"Andrij Szewczenko rozmawia z Genoą w sprawie rozwiązania kontraktu, który wiąże go do czerwca 2024 r. Rozmowy nie są łatwe. (...) Kontrakt ten sprawia, że mógłby on nie pracować przez kolejne dwa i pół roku, a i tak dostawałby pensję 2,5 mln euro rocznie. To sprawia, że Ukrainiec nie będzie forsował jego rozwiązania. Z początku Ukrainiec zaproponował, aby Włosi wypłacili mu całość kontraktu. Szans na zaakceptowanie takiego rozwiązania przez Genoę nie było jednak żadnych. Ukrainiec chciałby więc zagwarantować sobie wypłatę dużej części rozwiązywanej umowy" - pisaliśmy w środę wieczorem.
Problem polegał na tym, że Genoa wcale nie kwapiła się do wypłaty Szewczence dużych pieniędzy. "Trzeba jednak pamiętać, że Włosi doskonale wiedzą o rozmowach na linii Szewczenko – PZPN. Oni także będą chcieli je wykorzystać, by ich odszkodowanie dla trenera było jak najmniejsze, a gra toczy się o duże pieniądze" - ostrzegaliśmy.
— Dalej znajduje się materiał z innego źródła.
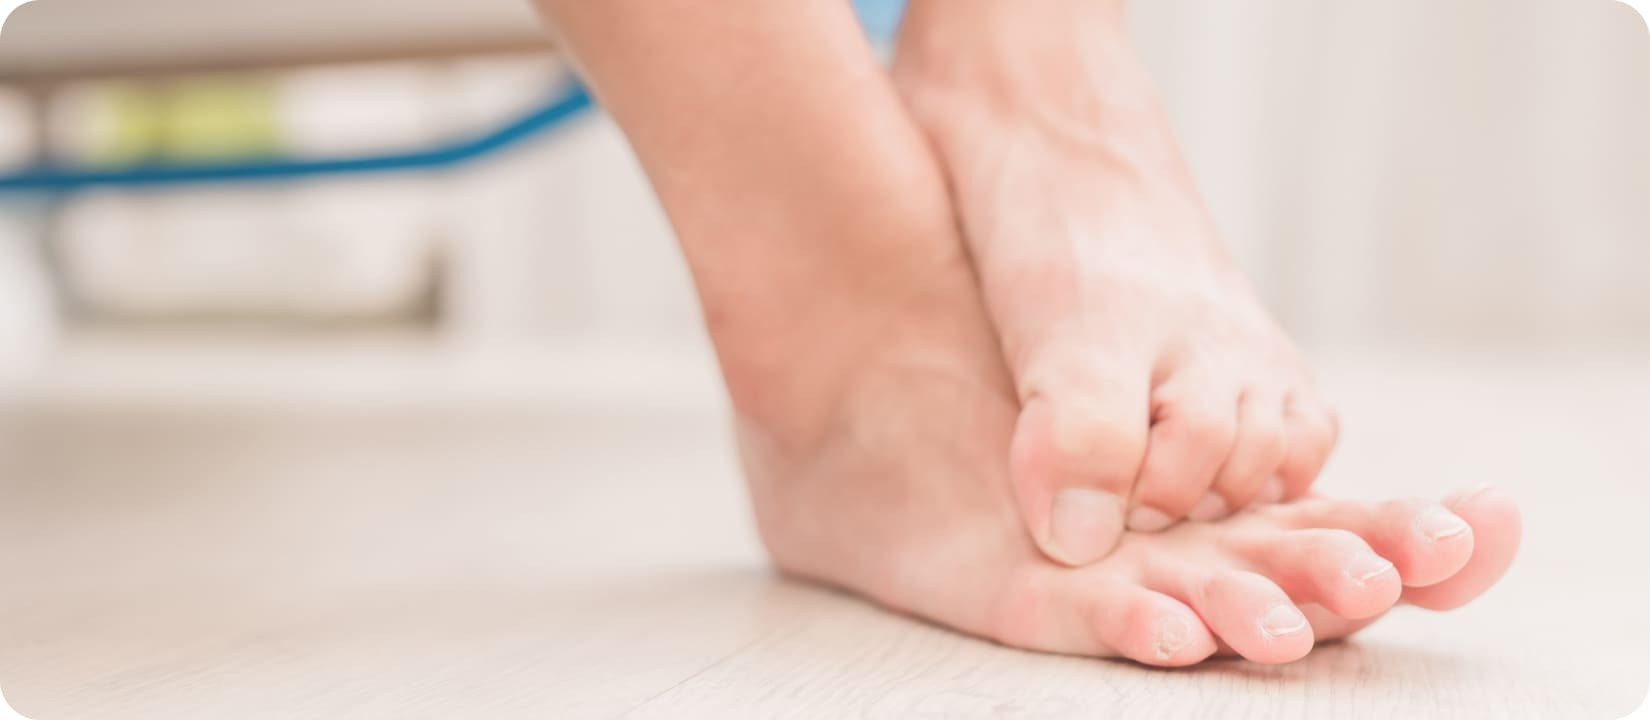 Грибок на ногтях – причины, профилактика, лечение народными средствами в домашних условиях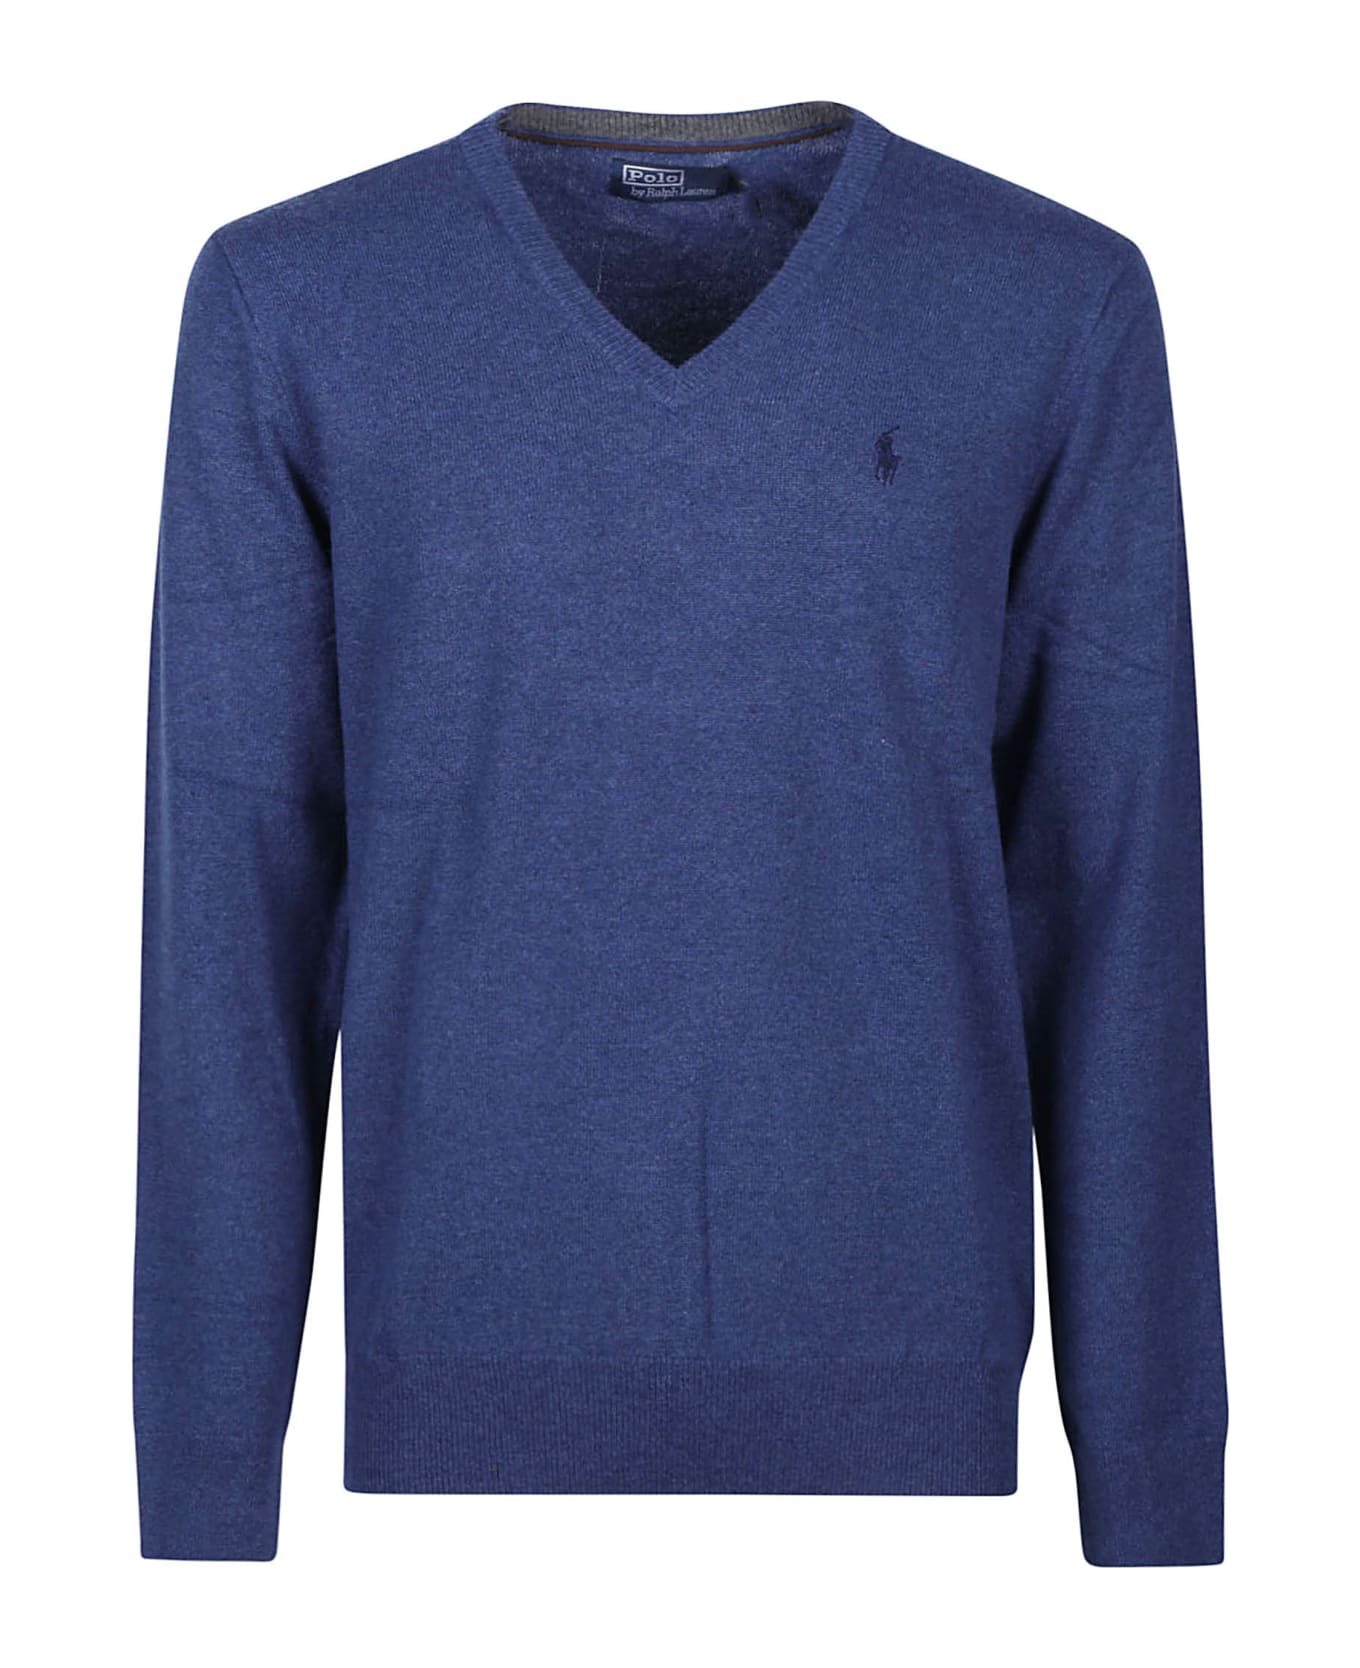 Polo Ralph Lauren Long Sleeve Sweater - Blue

Media na Ukrainie informują teraz, że te przepuszczenia okazały się prawdziwe. Ukraiński dziennikarz Igor Tsyganik napisał na Twitterze, że Andrij Szewczenko nie zdołał dojść do porozumienia ws. rozwiązania kontraktu z włoskim klubem. To oczywiście oznacza, że nie zostanie on także nowym selekcjonerem reprezentacji Polski.
Tsyganik dodał też, że PZPN nowego selekcjonera wybierze wśród polskich trenerów. Jeśli te informacje się potwierdzą, do roli faworyta wróci Adam Nawałka, z którym zdecydowana większość kwestii jest już dogadana. Były selekcjoner "czeka w blokach", a do schowania honoru do kieszeni motywuje go pensja w wysokości 200 tysięcy złotych, którą miałby otrzymać w razie podpisania kontraktu z PZPN.